For thousands of years, geothermal energy has been harnessed as a clean and sustainable source of power.

Long ago, indigenous people around the globe, such as the Maoris in New Zealand, cooked their food using water from natural hot springs. Later, the Romans engineered a way to use the Earth’s heat to warm their buildings. Now, with modern technology, geothermal wells are drilled deep into the ground in order to tap into the heat radiating from the Earth’s core and transform it into electricity.

However, one remaining challenge associated with drilling geothermal wells is the presence of hard rocks, such as granite, that slow down the process and wear down drill bits. In turn, this causes drilling time and expenses to increase.

To combat this, a team of researchers from the J. Mike Walker ’66 Department of Mechanical Engineering at Texas A&M University is developing Shockwave and Plasma Accelerated Rock Cracking (SPARC) drilling technology. By making the creation of wells more efficient, accessible and cost effective, their U.S. Department of Energy funded project will help make geothermal energy a more viable alternative to fossil fuels.

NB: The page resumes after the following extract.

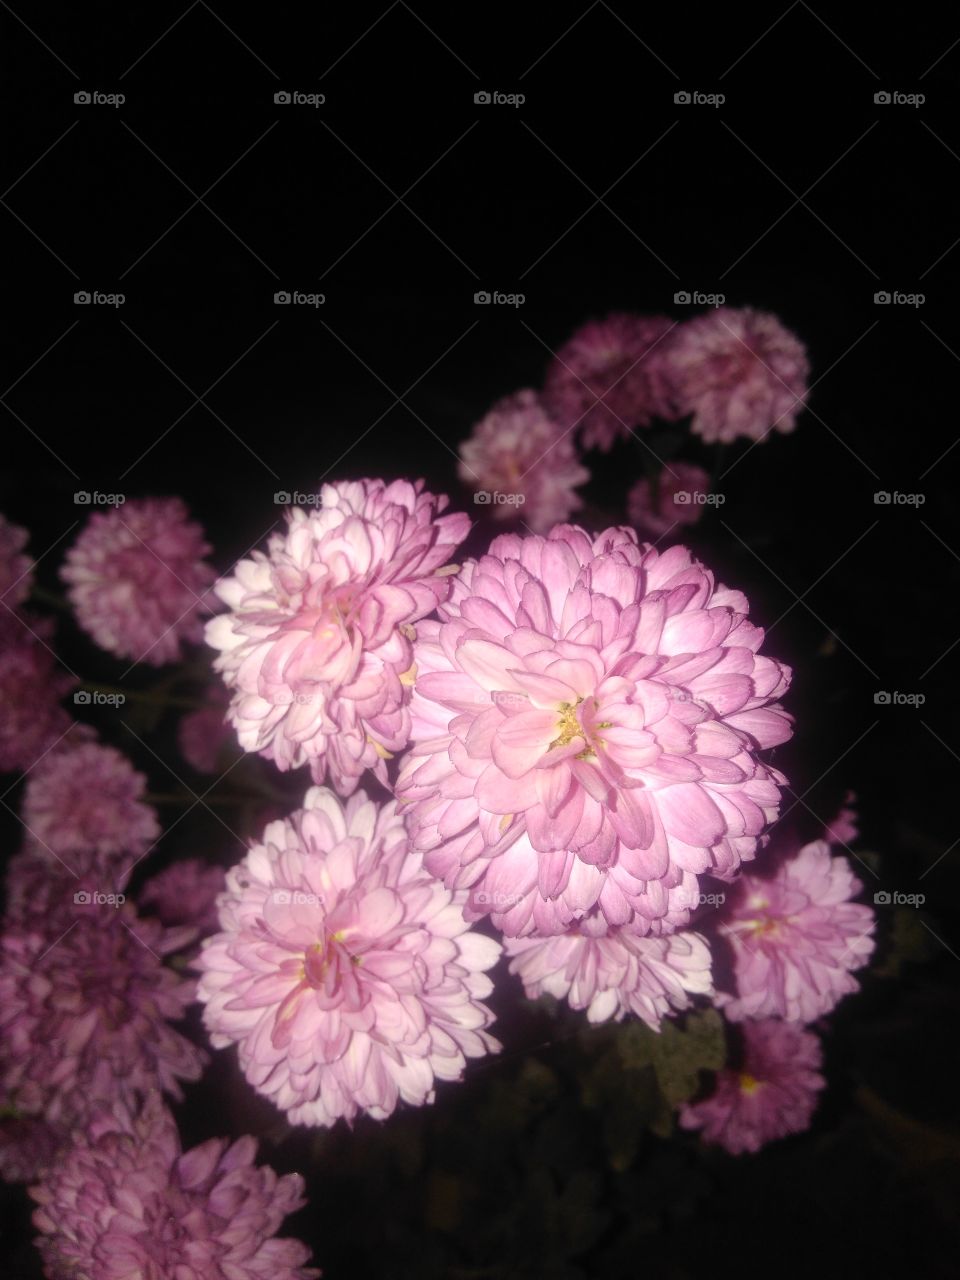 Pink flowers
pink chrysanthemum

According to information, Dr. David Staack, associate professor, Sallie and Don Davis ’61 Career Development Professor, and College of Engineering director of laboratory instruction, is leading the SPARC project. His team includes Dr. Dion Antao, assistant professor, Dr. Alan Palazzolo, James J. Cain Professor I and Dr. Bruce Tai, assistant professor.

“The drilling technology that we are working on has the potential to increase drilling rates (rate of penetration) and reduce the wear and tear of traditional drill bits. This is achieved by locally prestressing or precracking the rock being drilled prior to the cutting action of the drill bit,” said Dr. Antao.

As Dr. Staack further explained, the team’s SPARC technology will equip traditional drill bits with high voltage electrodes on the tip that emit a microscopic plasma discharge to shock the rock and crack it like a tiny explosion. Creating fractures and weakening the rock will allow the drill head, affixed with conventional diamond cutters, to have an easier time breaking through the material.

As Dr. Palazzolo described, along with setting the stage for further development of geothermal energy, using electric plasma bursts to increase the rate of penetration will enable the drilling process to be streamlined and therefore be more cost competitive with nonrenewable resources.

“It’s very exciting to be able to apply my expertise in machining research to study rock drilling with a real-world application,” said Dr. Tai. “This is truly a novel, interdisciplinary idea that will be a game changer.”

A game changer that U.S. Secretary of Energy Rick Perry summed up in his related press release.

“Geothermal energy is a clean and efficient base-load energy resource, making it an important part of our nation’s diverse energy portfolio,” said Perry. “Developing new, efficient drilling technologies will reduce these costs and increase the availability of this domestic renewable energy resource.”